BOB LONG: Correlation for private equity broadly defined would be about 70% to the public markets. In a fund that has some real estate infrastructure and private credit in it for example, you would see a little more diversification, a little less correlation. Target returns of course depend on the product, depend on the circumstances. I think for the investor though, you need to ask yourself, are you being paid for the illiquidity that you’re taking on? And importantly, the value proposition of the permanent capital vehicles, BDCs, tender funds, interval funds is they are semi-liquid, so you have liquidity typically quarterly, typically on about 90 days’ notice. And you need to ask yourself, are you getting the return benefit from taking on some illiquidity in comparison to the public markets? And if so, then that can make sense for investors. But that’s the question investors should be asking. Said differently, the value proposition for a semi-liquid product is to sit between your daily traded investments where you can get liquid every day but you may not like the price at which you can sell, and your 10 or 15-year marriage to the private equity fund. These permanent capital vehicles sit in between, and of course we think they provide an interesting complement to your portfolio from a risk-reward and liquidity perspective.

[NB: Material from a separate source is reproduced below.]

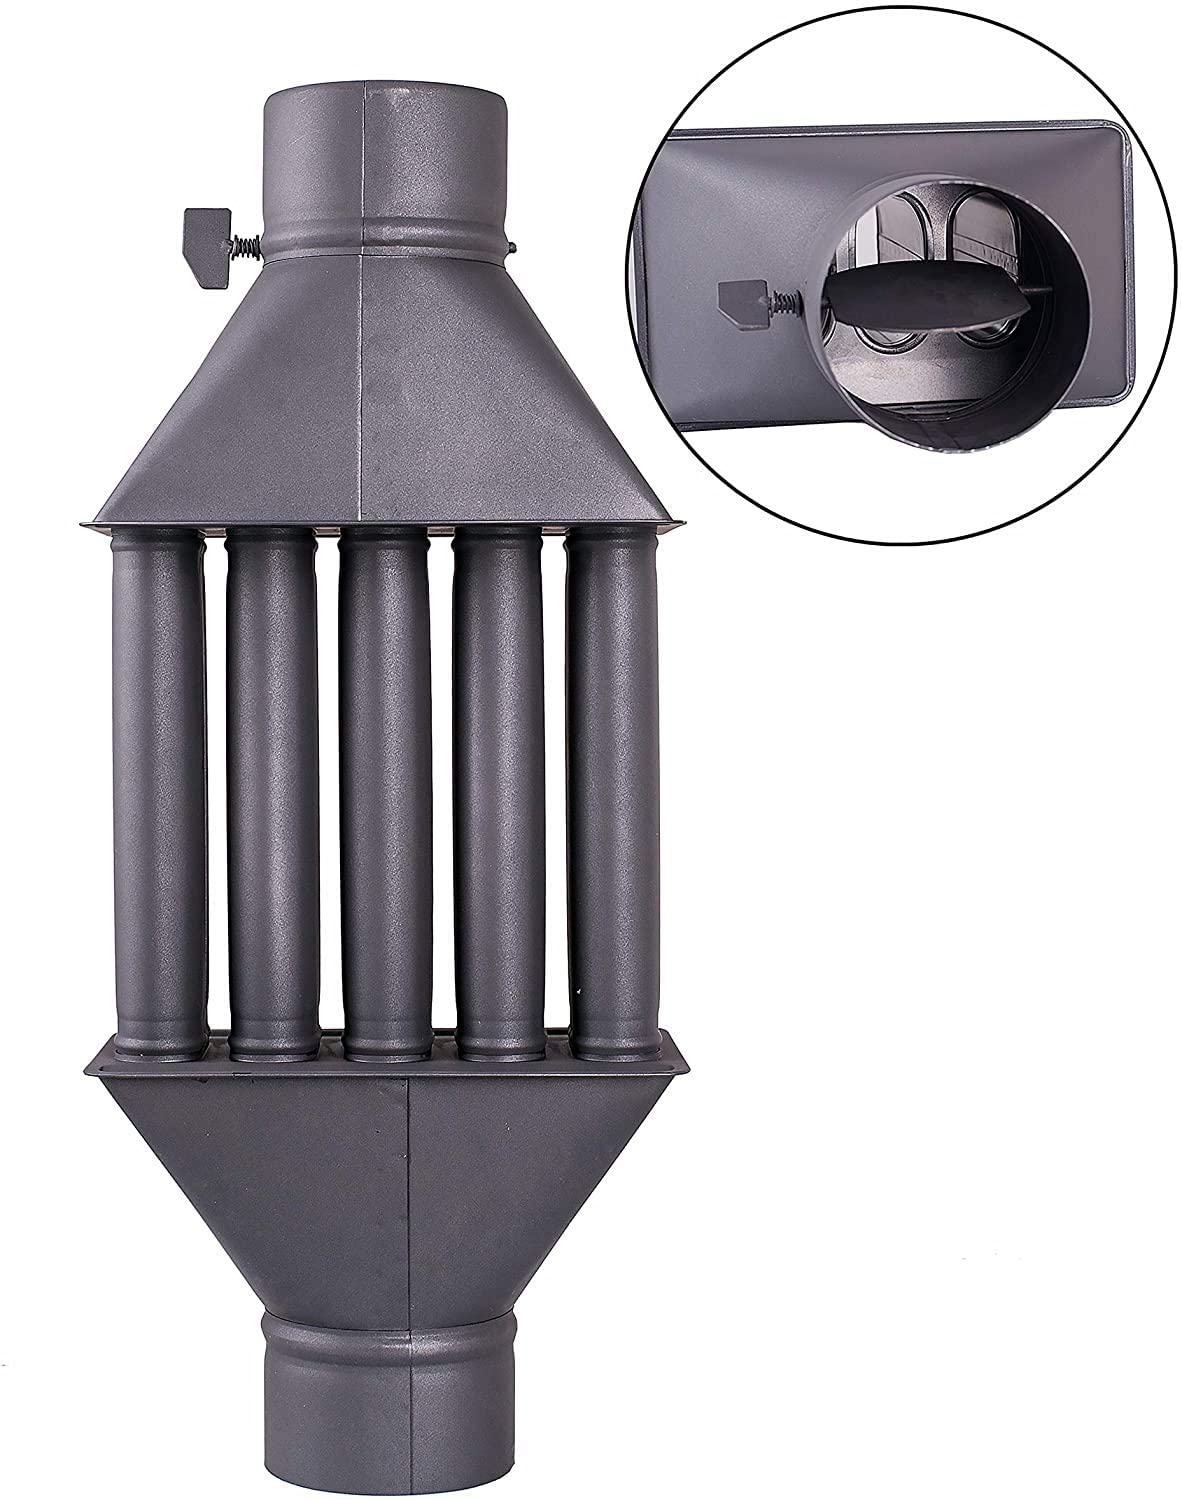 ᐉ Warmlufttauscher für Holzöfen, Rauchrohr-Wärmetauscher, 130mm Durchmesser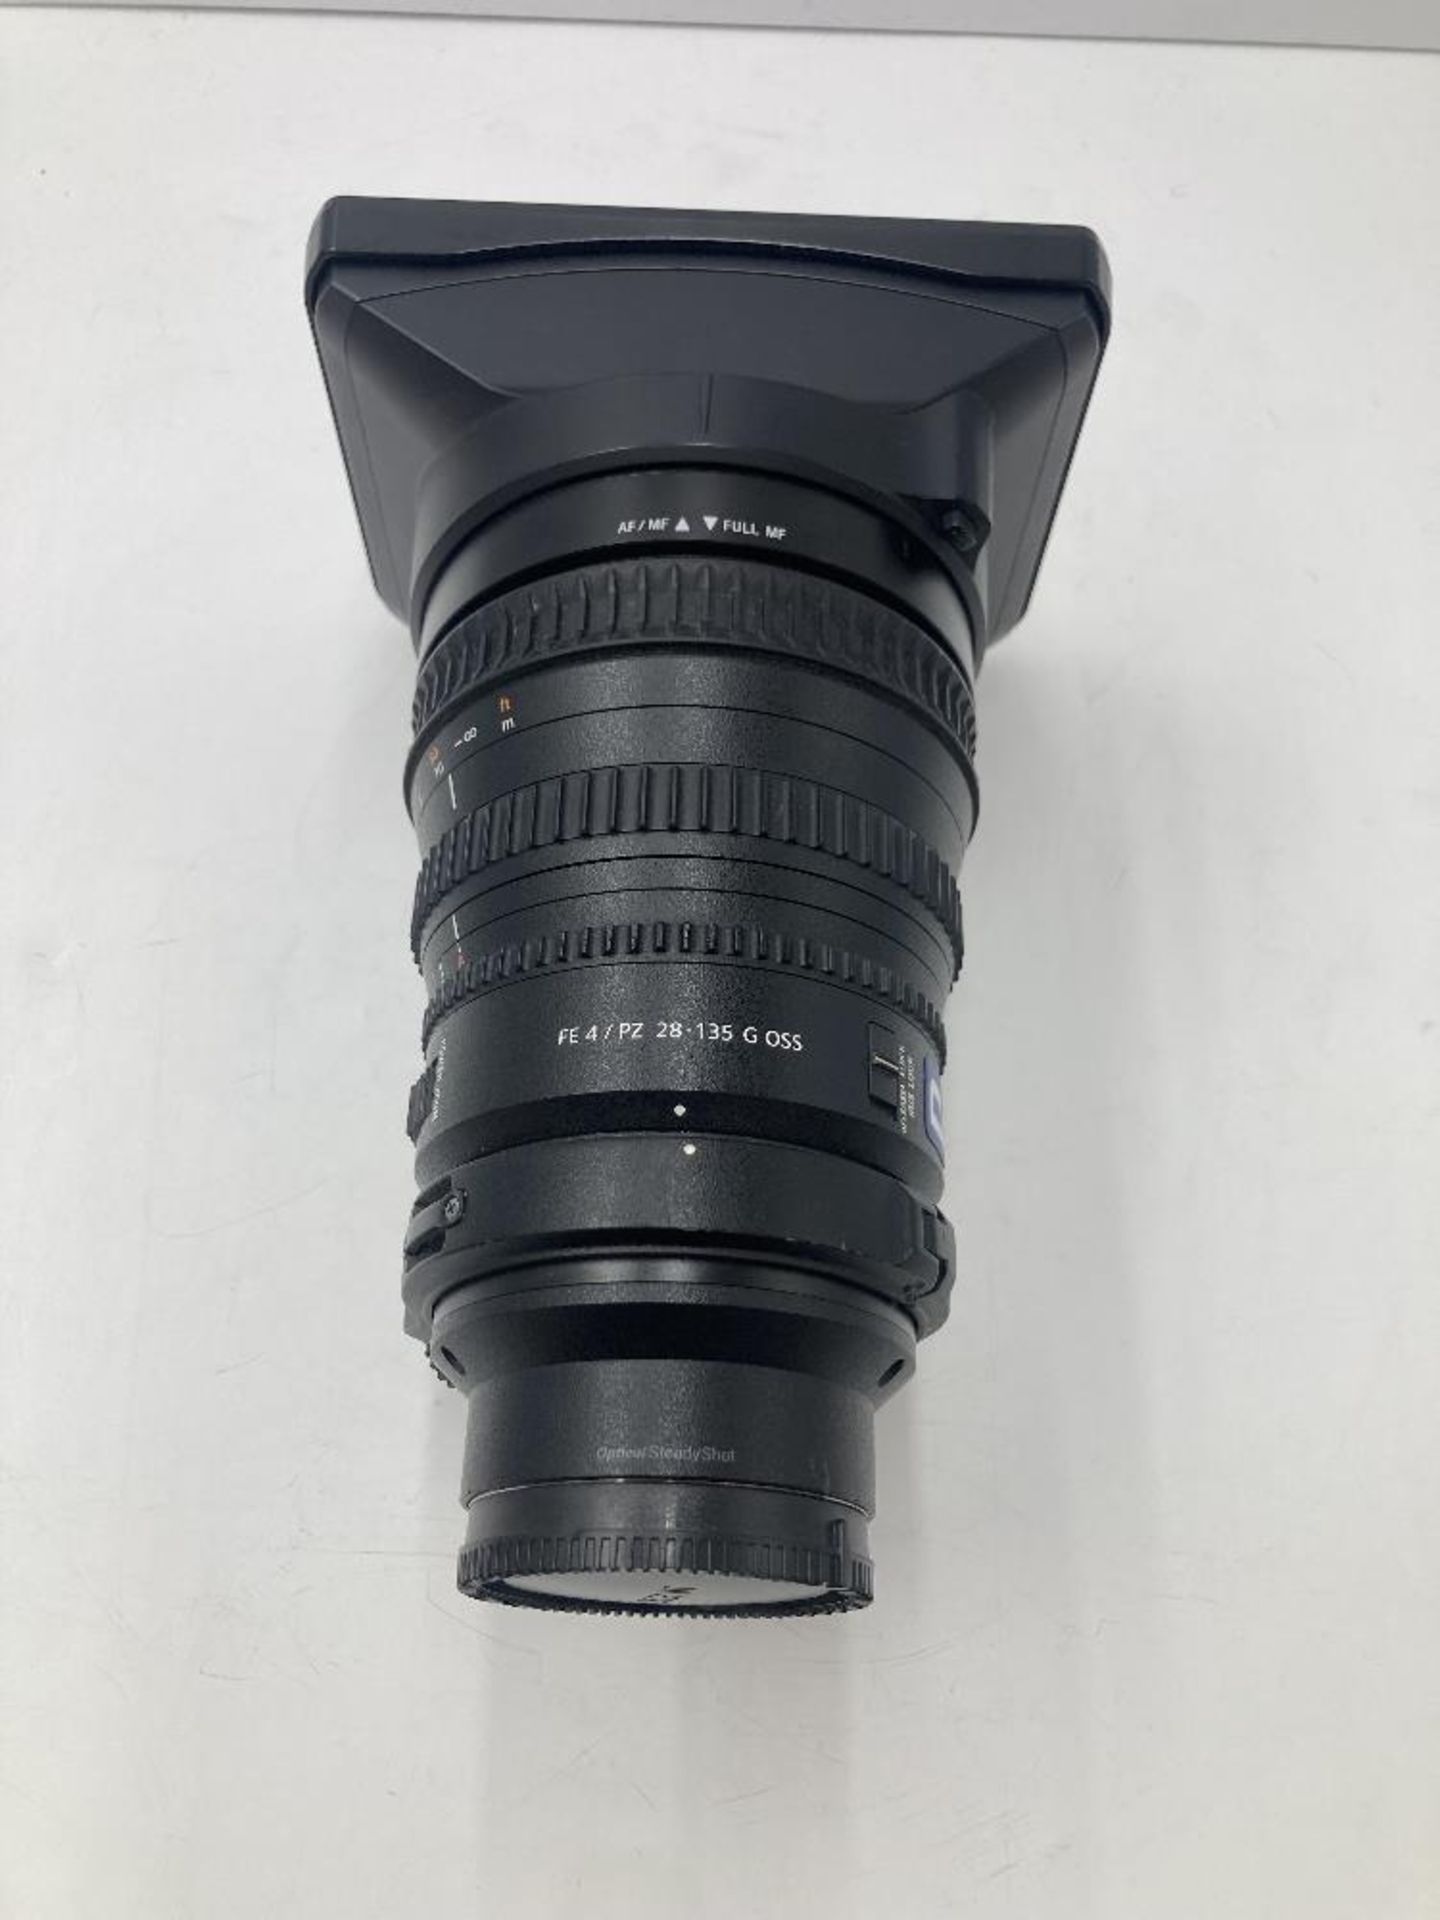 Sony E Mount FE 4/PZ 28-135mm G OSS Zoom Lens & Sony ALC-SH135 Lens Hood - Image 6 of 6

CHUCK JAFFE: They certainly open your portfolio up to a lot of investments that you’re not necessarily looking at in all your classic stuff, and that’s why I’m happy that you opened our eyes to all the private equity stuff today, Bob. Thanks so much for joining me.
BOB LONG: My pleasure.
CHUCK JAFFE: The NAVigator is a joint production of the Active Investment Company Alliance and Money Life with Chuck Jaffe. That’s me, and you can check out my show on your favorite podcast app or at MoneyLifeShow.com. To learn more about interval funds, closed-end funds, and business-development companies go to AICAlliance.org, the website for the Active Investment Company Alliance. On Facebook and LinkedIn @AICAlliance. Thanks to my guest Bob Long, chief executive officer at Conversus, which among other things manages the Conversus StepStone Private Markets Fund. To learn more about the fund, the firm, and Bob go to Conversus.com, it’s a StepStone company. On Twitter @StepStoneGroup. The NAVigator podcast is new every Friday, we hope you won’t miss any of them. And until we do this again, happy investing everybody.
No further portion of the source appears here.